Your job with the data below is to output exactly the lines from the one holding "Mischwald & Wild" down to the one holding "Кожаные туфли-дерби с", both included, and no others.

■ SUPPLIED INFORMATION:
[Start of section]
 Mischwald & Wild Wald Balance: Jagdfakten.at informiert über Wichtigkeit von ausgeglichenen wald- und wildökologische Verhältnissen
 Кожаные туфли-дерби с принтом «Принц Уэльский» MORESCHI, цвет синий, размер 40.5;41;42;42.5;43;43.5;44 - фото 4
[End of section]
[Start of section]
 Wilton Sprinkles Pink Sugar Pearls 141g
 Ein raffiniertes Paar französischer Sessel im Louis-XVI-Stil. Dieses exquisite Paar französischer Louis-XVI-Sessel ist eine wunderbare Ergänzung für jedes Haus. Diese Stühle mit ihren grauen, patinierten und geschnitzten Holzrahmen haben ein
[End of section]
[Start of section]
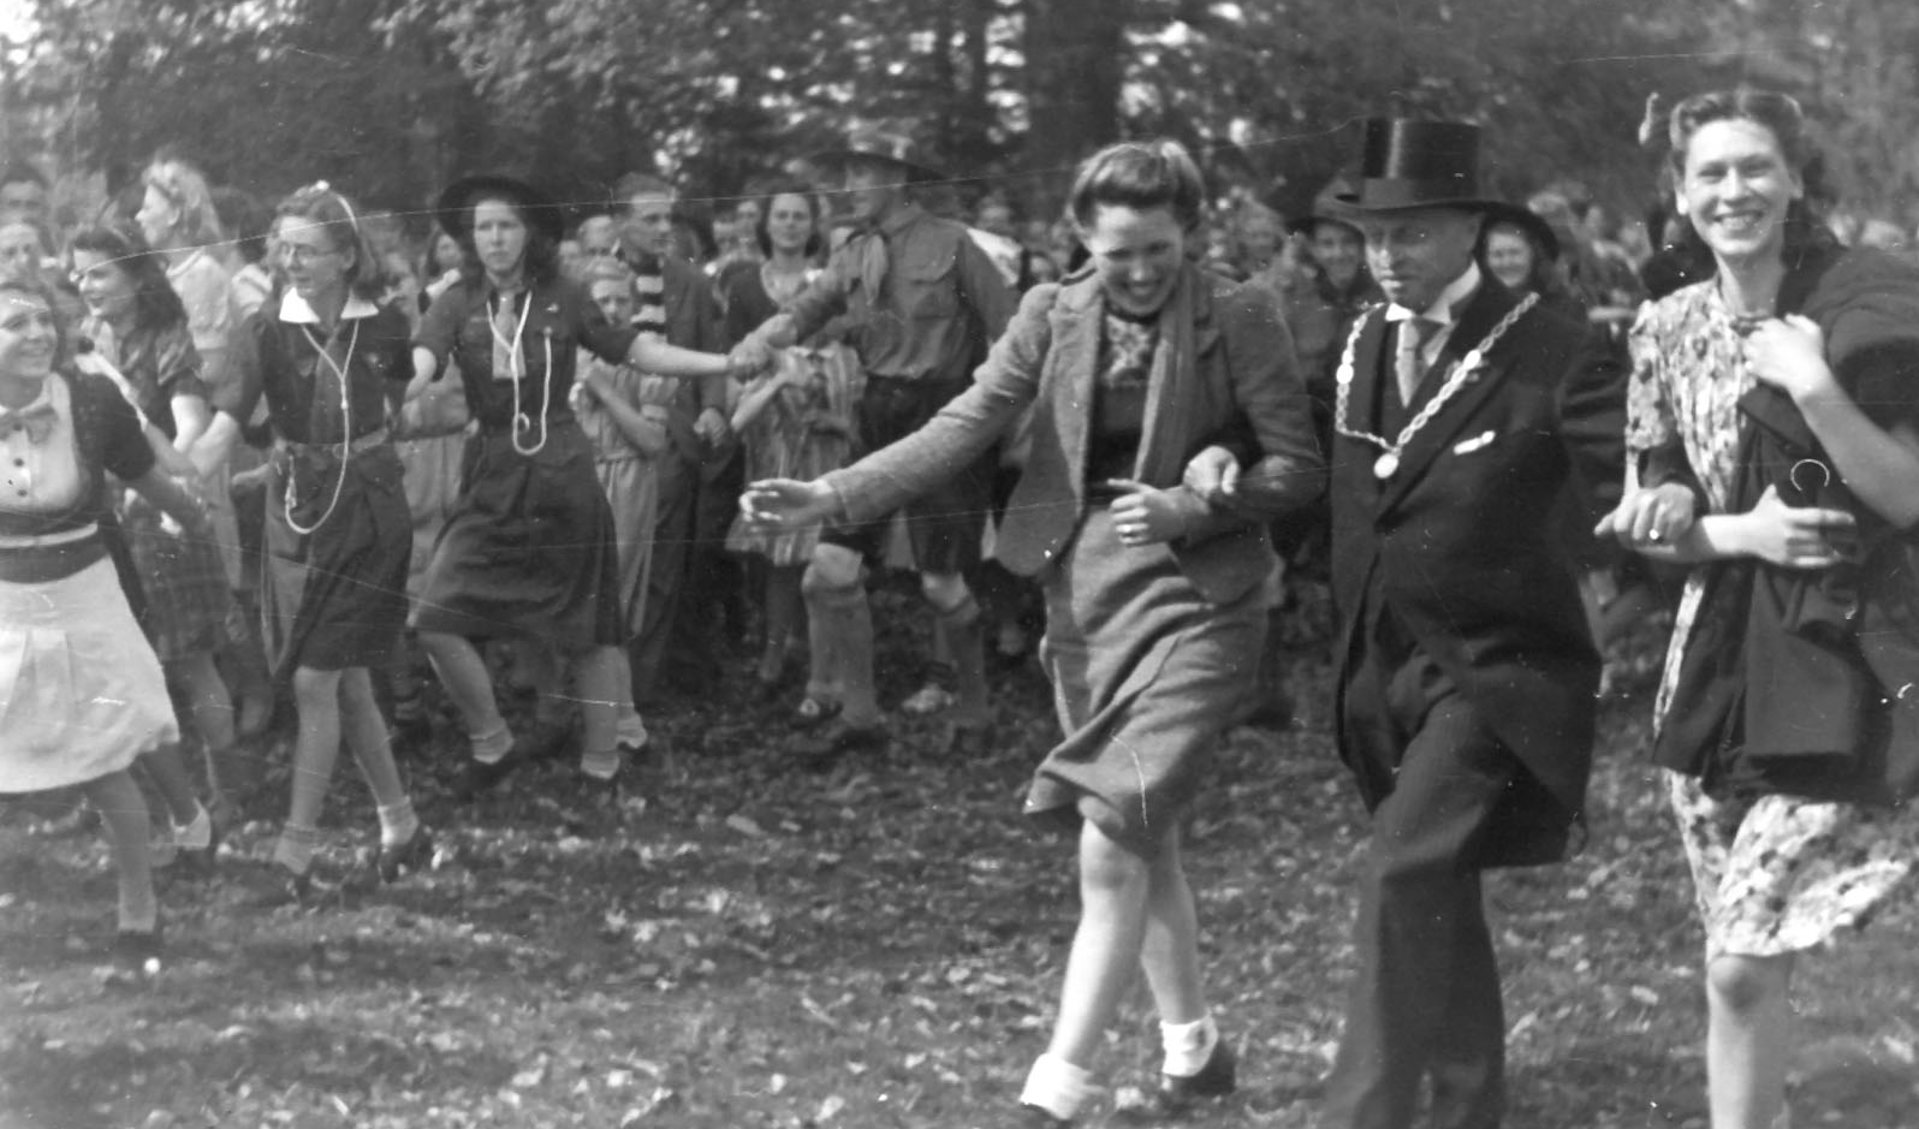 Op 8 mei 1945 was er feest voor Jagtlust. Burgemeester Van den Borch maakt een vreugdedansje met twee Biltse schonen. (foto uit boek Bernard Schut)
[End of section]
■ ANSWER SPACE:
 Mischwald & Wild Wald Balance: Jagdfakten.at informiert über Wichtigkeit von ausgeglichenen wald- und wildökologische Verhältnissen
 Кожаные туфли-дерби с принтом «Принц Уэльский» MORESCHI, цвет синий, размер 40.5;41;42;42.5;43;43.5;44 - фото 4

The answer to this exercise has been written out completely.